The option and royalty agreement has been established between Monumental's wholly-owned subsidiary Monumental Energy Corp NZ Limited, and Taranaki Ventures Limited ("TVL"), a wholly owned subsidiary of New Zealand Energy Corp. ("NZEC")(TSXV: NZ) dated October 25, 2024, pursuant to which, among other things, the Company will participate in the repair and workover operation in order to restart production of two wells, Copper Moki 1 & 2 ("CM 1 & 2"), which are located on a permitted block PMP 55491, for which TVL holds a 100% interest.

In connection with the Agreement, the parties have agreed to the terms of a royalty agreement that is annexed to the Agreement, that will be deemed effective on and from the date on which the Company elects to exercise the call option. In accordance with a detailed budget and work plan, the Company will make monthly cash payments to complete the repair and workover of CM 1 & 2, which is estimated to take approximately three weeks upon commencement and remains subject to the applicable consent of the Minister in New Zealand in accordance with the New Zealand Crown Minerals Act 1991.

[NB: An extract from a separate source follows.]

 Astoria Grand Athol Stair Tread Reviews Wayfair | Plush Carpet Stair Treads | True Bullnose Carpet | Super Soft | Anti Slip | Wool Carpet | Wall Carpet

The total cost to complete the workover of CM 1 & 2 is estimated at approximately NZ$800,000. In consideration, TVL granted to Monumental the call option to acquire a royalty interest payable upon commencement of production in accordance with the royalty agreement. The call option is exercisable by the Company in its sole discretion upon successful completion of the workover of CM 1 & 2 and commencement of production. Once effective, the royalty is payable by TVL within 30 days after the end of each quarter, calculated on an open book basis, by multiplying the sales receipts received by TVL from the sale or other disposal of petroleum produced from one or both of CM 1 & 2 pursuant to the sales arrangements in place at such time less permissible deductions as specified in the royalty agreement ("Net Receipts") by 75% and be payable until a sum equivalent to the workover costs has accrued to the Company, and thereafter the royalty will be calculated by multiplying the Net Receipts by 25%.